Why do people behave differently behind the wheel of a car compared to in public?

“Being behind the wheel of a car is quite a unique situation we find ourselves in as human beings. We are often not aware of the negative emotions that flow through us. Driving by nature is stressful and we cannot control what other road users and pedestrians do. Because our space in a vehicle is limited, on roads which are often congested, it has a level of density which can trigger aggressive responses, more so than outside of a vehicle. This is an acute stressor in itself but, to add to that fact, we can’t just get out of a moving vehicle or abandon it. We trigger the flight or fight response, but have no ability to flee, leaving us fighting and all the irrational behaviours that are triggered, turning even the most relaxed characters into raging road users.

“There is also the perception of losing our autonomy and the invasion of our personal space. When we are moving in a vehicle, we are well aware that a mistake could potentially end our lives or leave us seriously hurt. This underlying feeling of an element of ownership over our position and space, and knowing driving can be dangerous, sits in our subconscious. And when someone violates the space or drives with aggression, it triggers feelings of loss of control and anger towards those who lack responsibility. And because the stress of driving raises your cortisol levels, it leaves you less resistant to getting angry the next time someone does something you perceive to be against you, which can very quickly become every other road user.”

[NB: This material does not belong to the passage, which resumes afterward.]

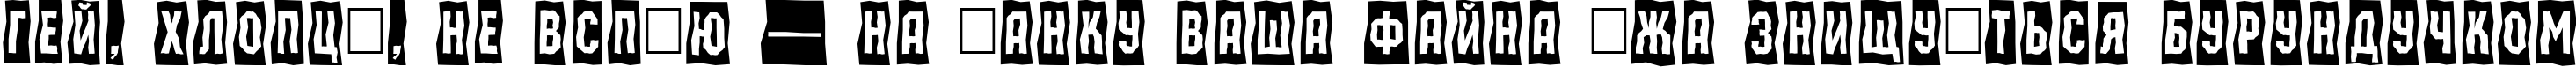 Пример написания шрифтом a_MachinaOrtoSls текста на украинском

Specifically, why are people more aggressive when driving?

“With the aggression that is triggered from being in an enclosed space, where you can control the vehicle but not any other road user, it can feel like a personal attack if another driver puts you in danger or closes your space. We also have our own mental ruleset for driving, which is usually quite rigid and we believe other drivers should abide by our rules.

“In a place where we often can't directly confront someone over this, we tend to vent our frustrations in whatever way we can. We can't just walk away and, having potentially had our choice taken away, we often mirror other road users’ behaviours to make a point. With our blood pressure rising and a hormonal response to feeling like we are being attacked, it is no surprise our behaviour becomes irrational and people do things that they would never do outside of a scenario that has triggered them while driving.”

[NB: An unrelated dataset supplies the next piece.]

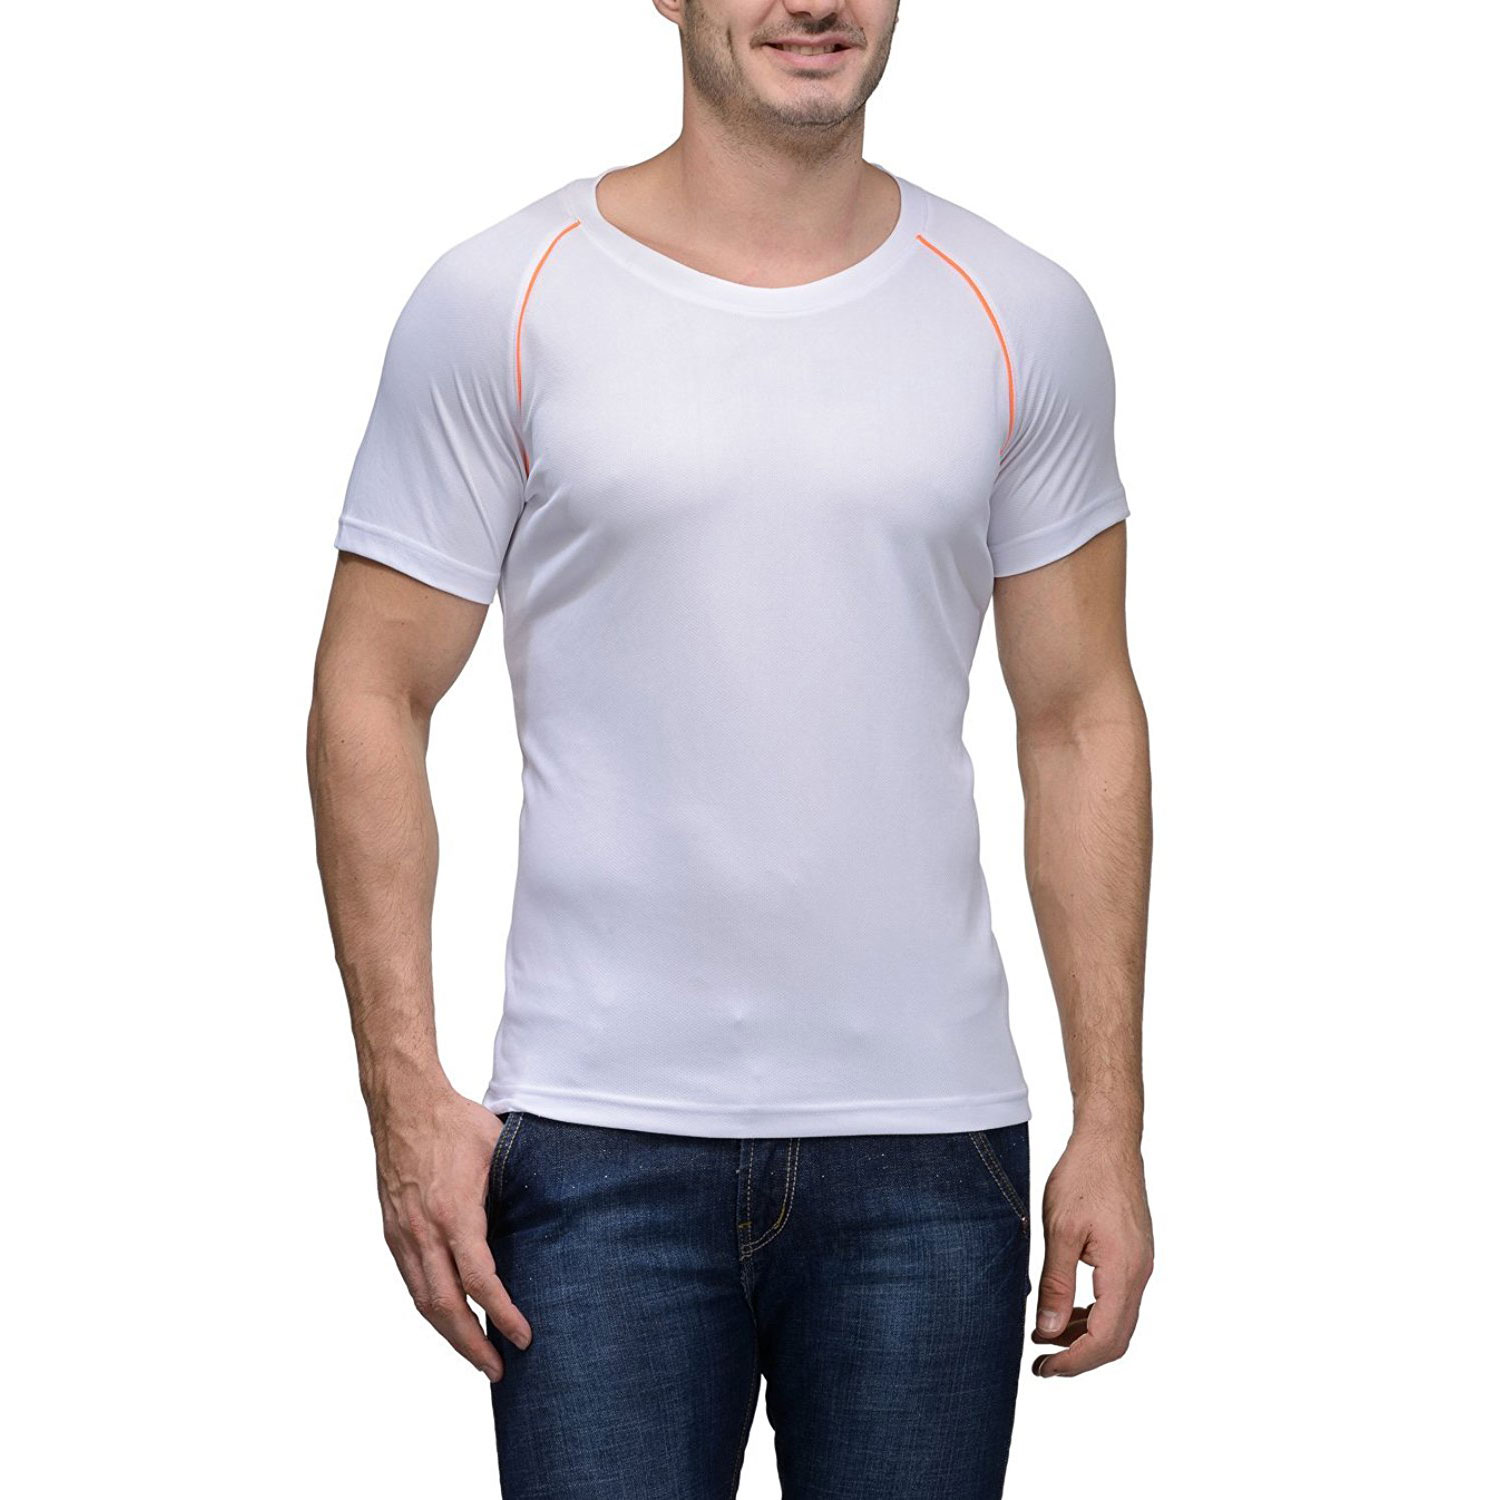   Scott Men's Jersey Round Neck Sports Dryfit T-shirt - White

The data suggests that road rage is more common amongst younger drivers. What could be the reason behind this?

“It’s an interesting consideration and, naturally, younger drivers are known to engage in risker behaviours and are less likely to follow driving rules exactly by the book. This can often cause road rage in itself, with younger drivers getting increasingly irate with drivers who follow the rules more rigidly. They are also likely to drive often and, generally being more disruptive drivers, they tend to find themselves in positions of conflict which triggers reactions that get reported as road rage. With the busy speed of modern life, the stresses of commuting and congestion, and the added psychological challenge of driving, this creates an area where you are considerably more likely to experience road rage.”

You can read more about Lee’s work on his website.

Ben Wooltorton, Chief Operating Officer of, said about the results, “With this study, we set out to find out how differently people behave when they’re behind the wheel of the car and why this might be the case. The findings certainly suggest that we feel more shielded in our vehicles than we do out in public, with so many people admitting to acting differently and, in particular, more aggressively than they would do in public.

“With the majority of respondents acknowledging that they behave more aggressively behind the wheel, this perhaps highlights that we could all do more to ensure how we behave behind the wheel reflects how we behave in similar circumstances in everyday life.”